What the task requires: Your copy starts at the line containing "3-LUCKY BRAND D501" and ends at the last line of the material below. Reproduce those lines exactly, with no pictures.

Information provided:
···

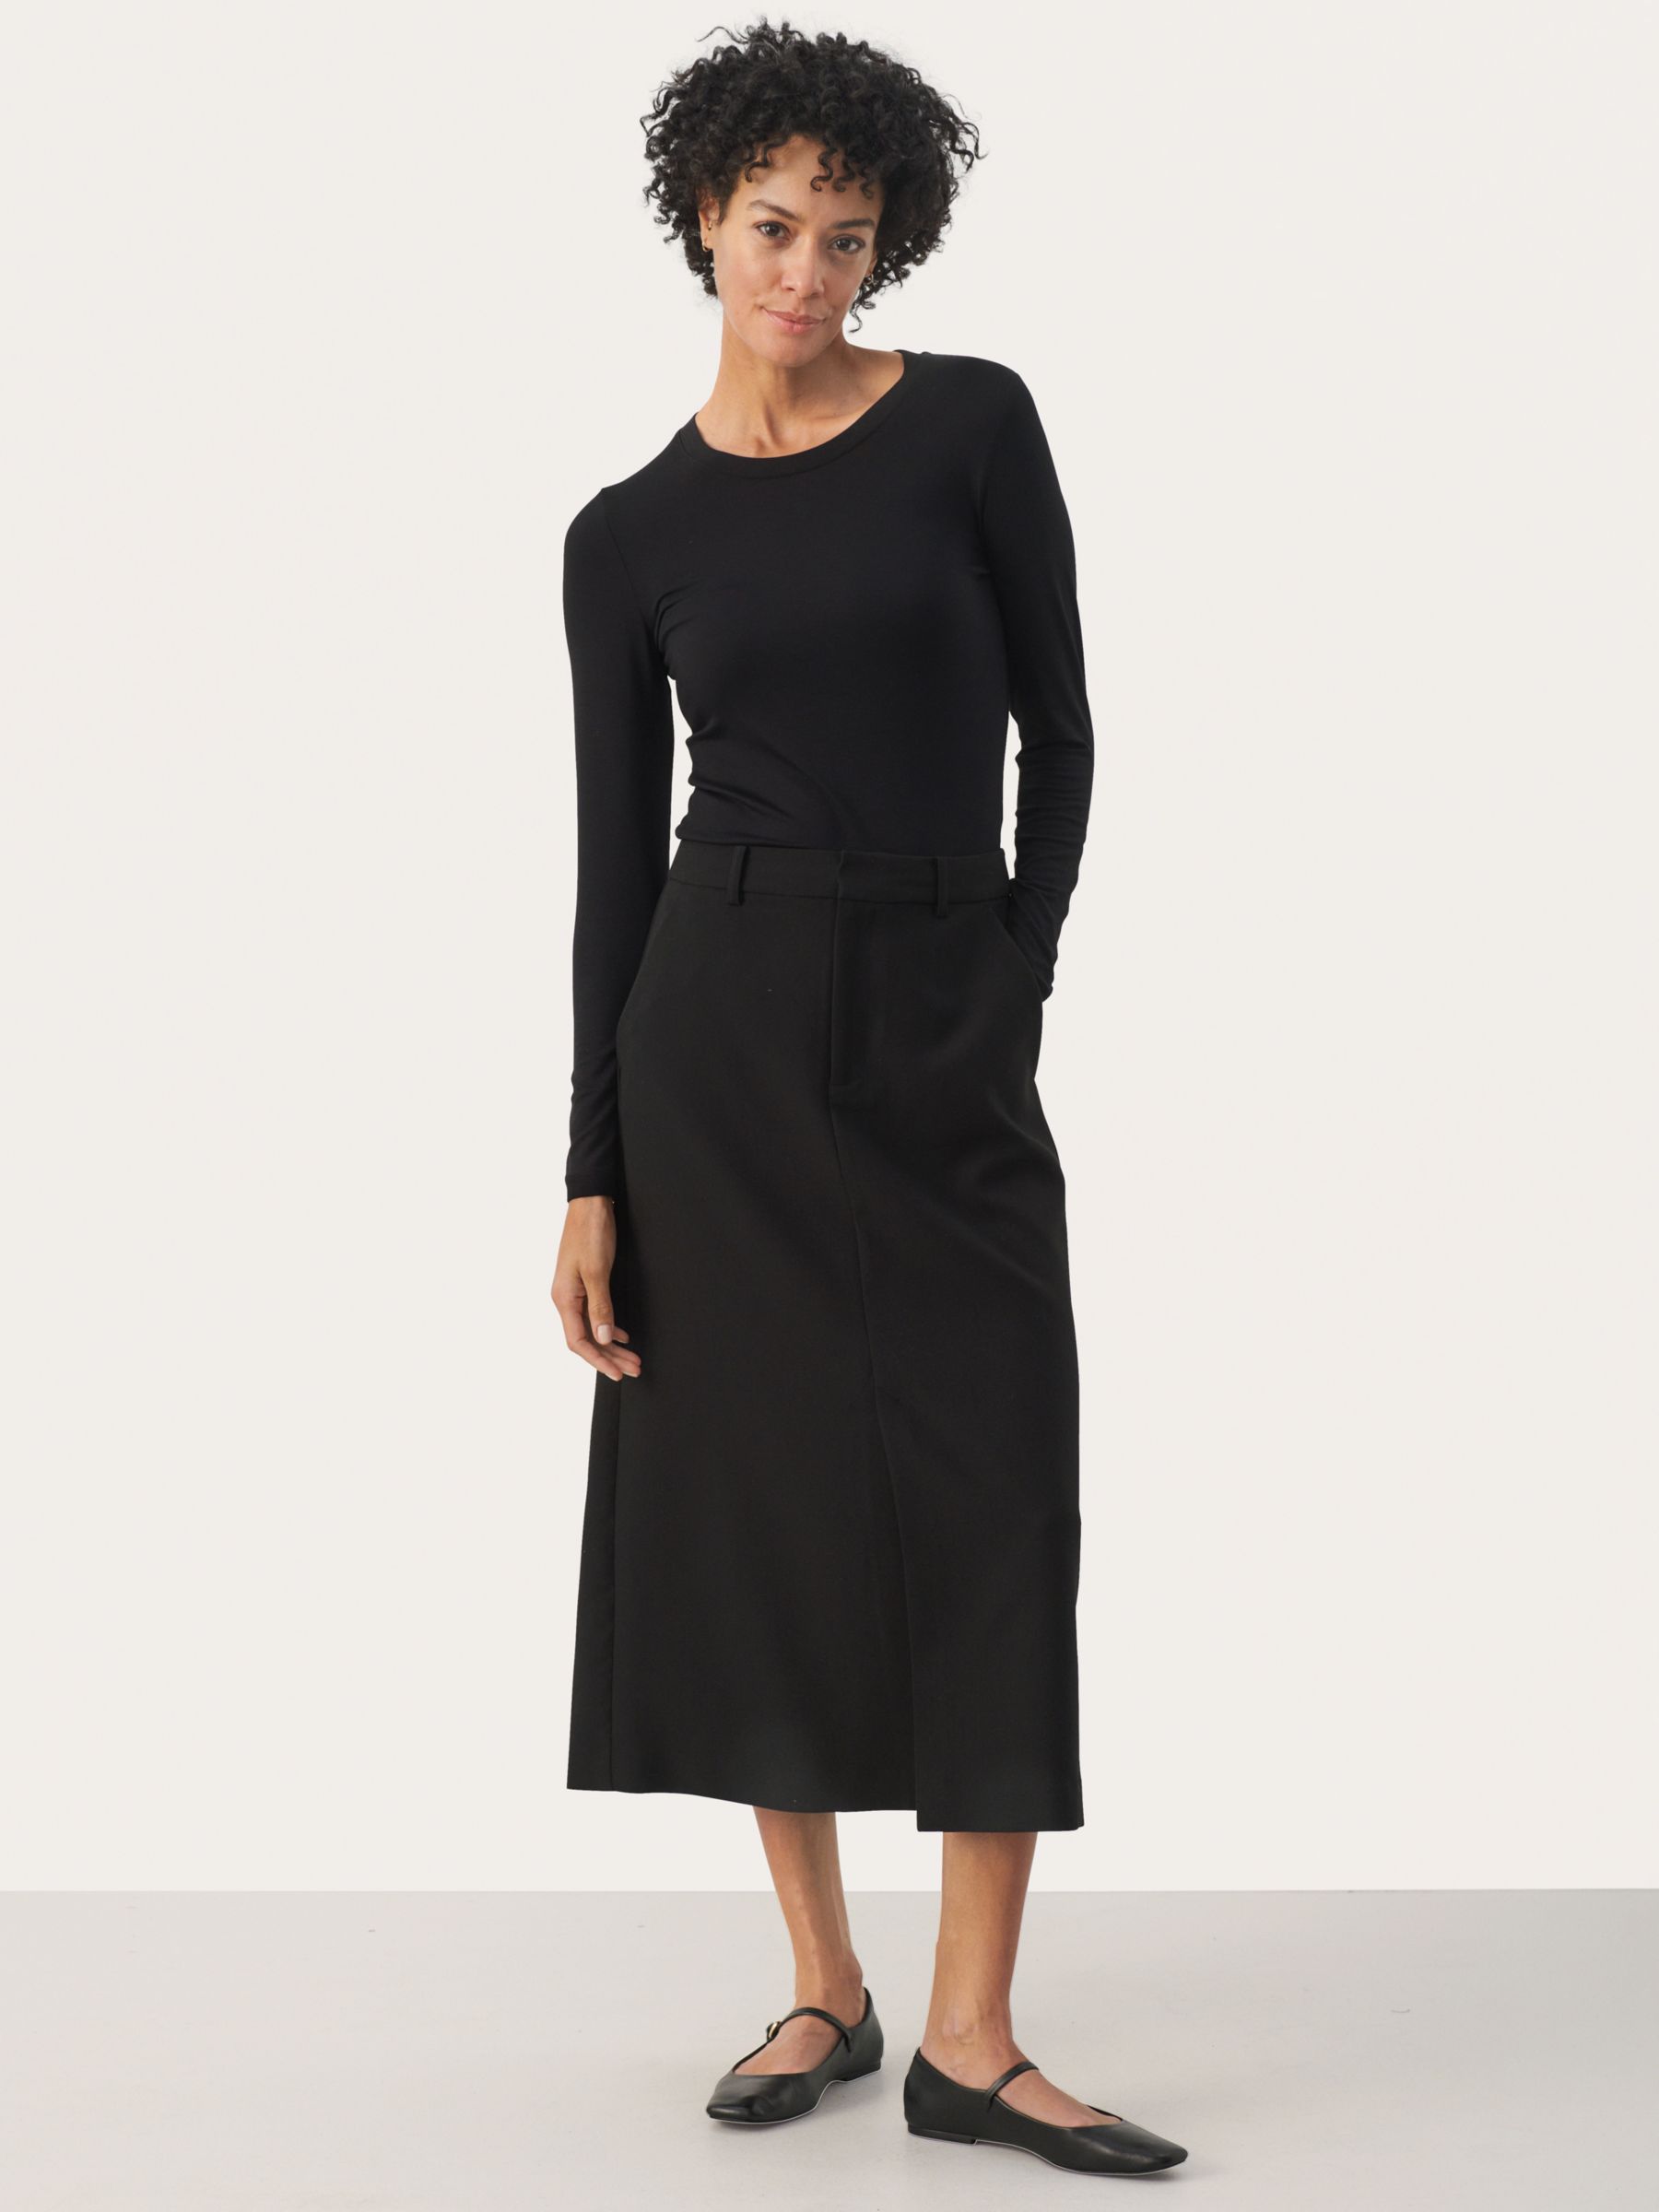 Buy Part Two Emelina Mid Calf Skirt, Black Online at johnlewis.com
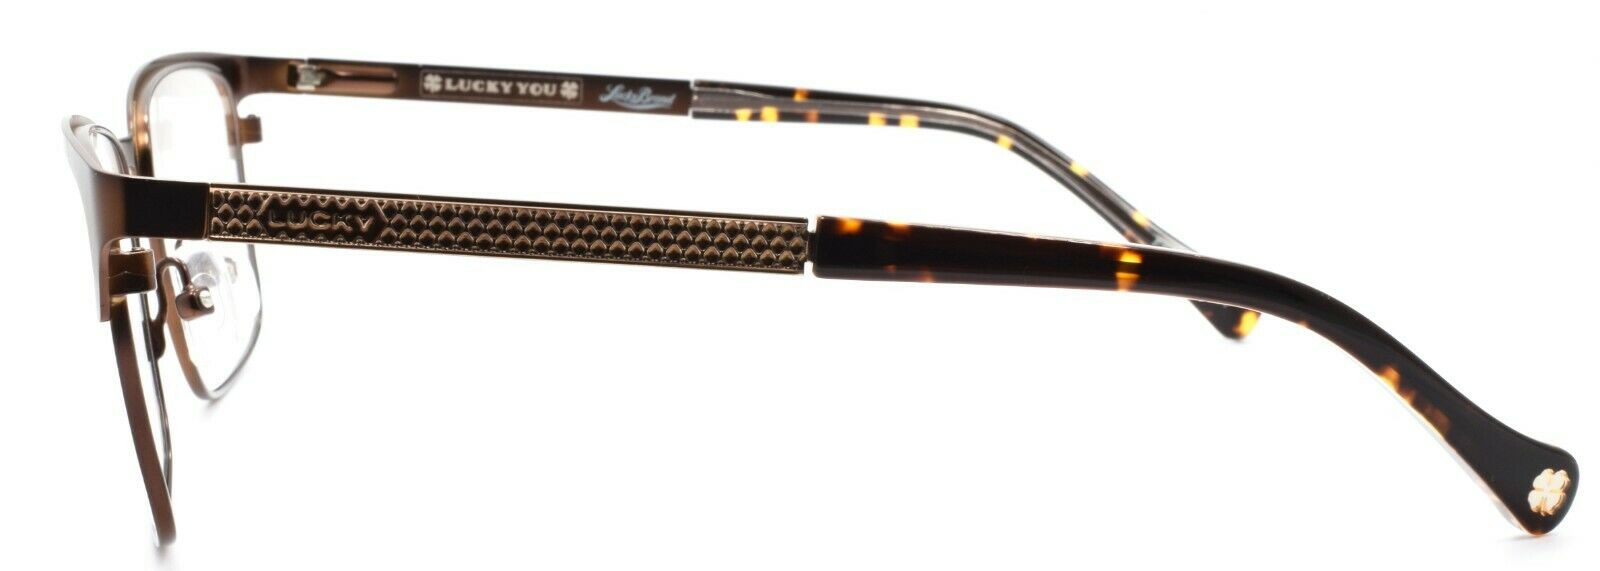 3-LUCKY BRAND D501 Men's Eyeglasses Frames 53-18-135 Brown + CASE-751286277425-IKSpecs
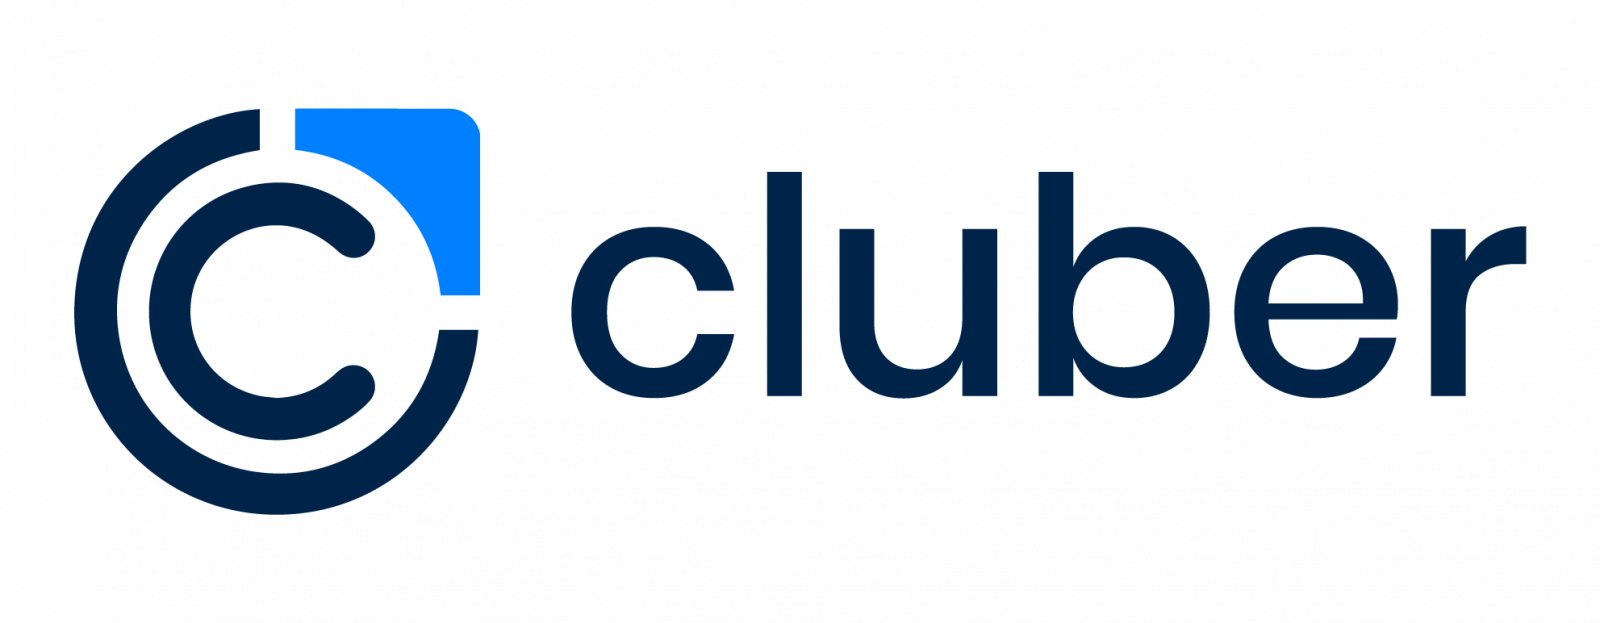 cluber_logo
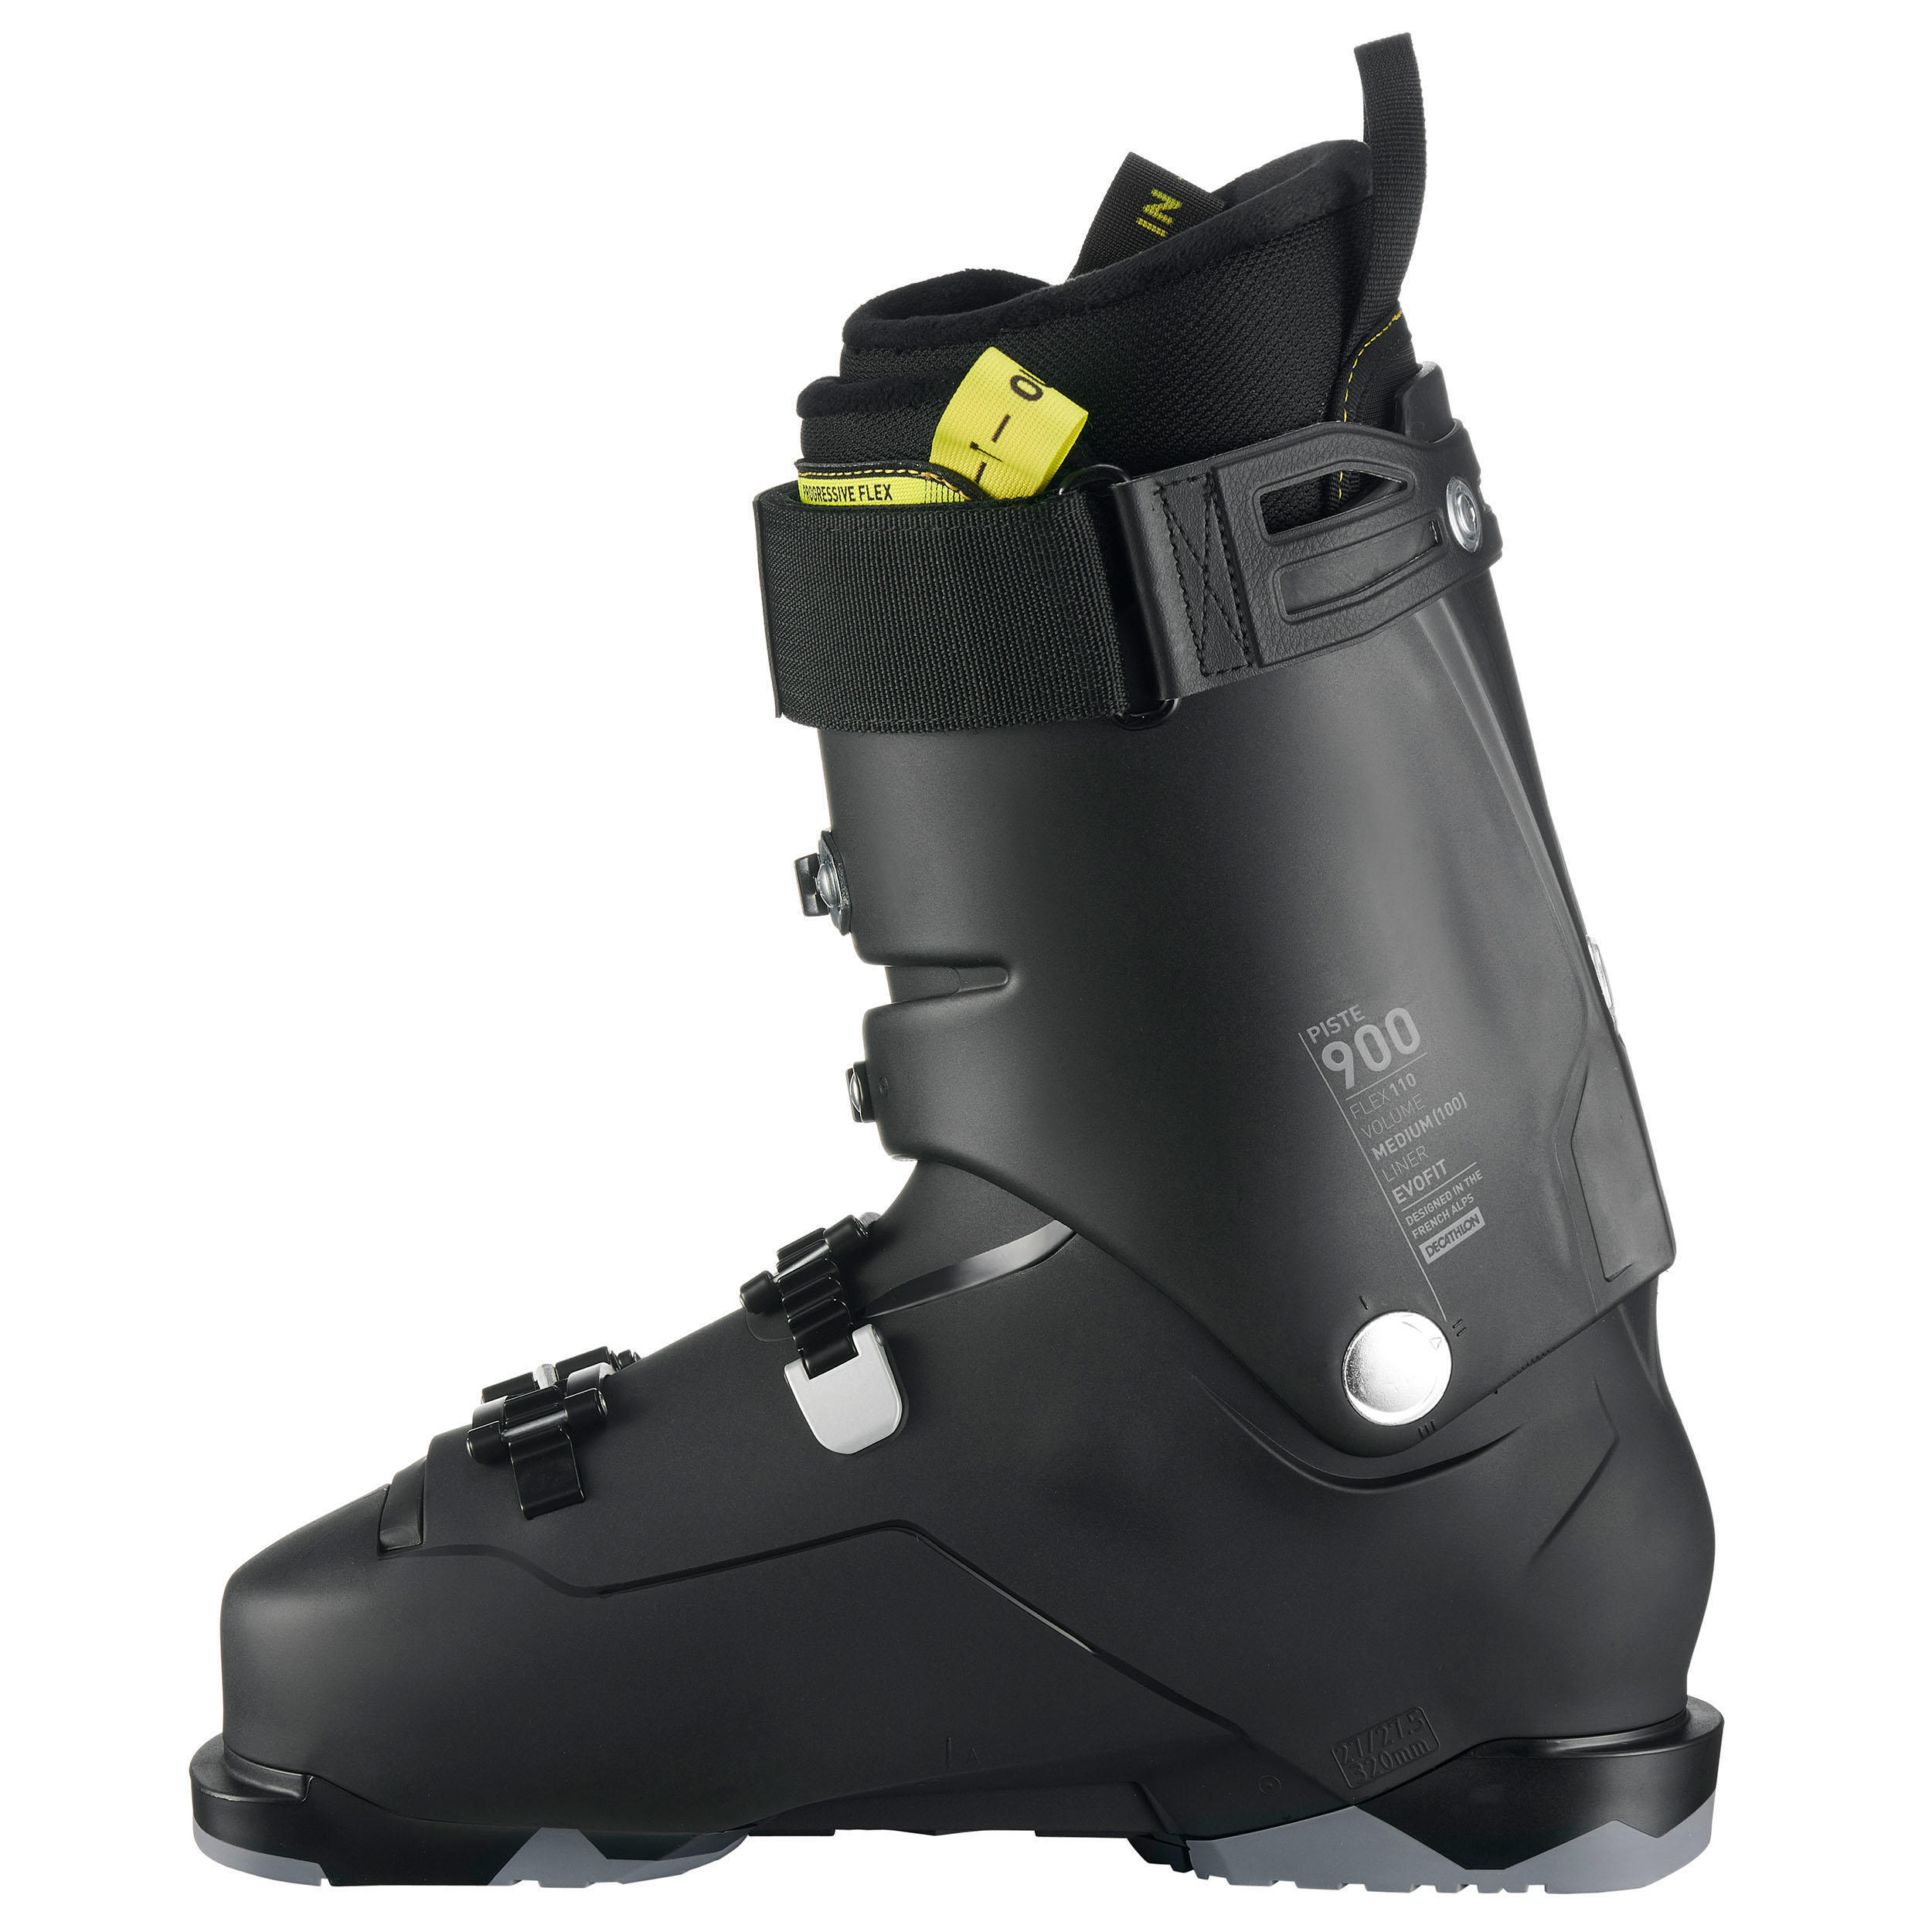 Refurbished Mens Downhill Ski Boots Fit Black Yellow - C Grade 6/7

···

Result of this exercise:
 3-LUCKY BRAND D501 Men's Eyeglasses Frames 53-18-135 Brown + CASE-751286277425-IKSpecs
 cluber_logo
 Refurbished Mens Downhill Ski Boots Fit Black Yellow - C Grade 6/7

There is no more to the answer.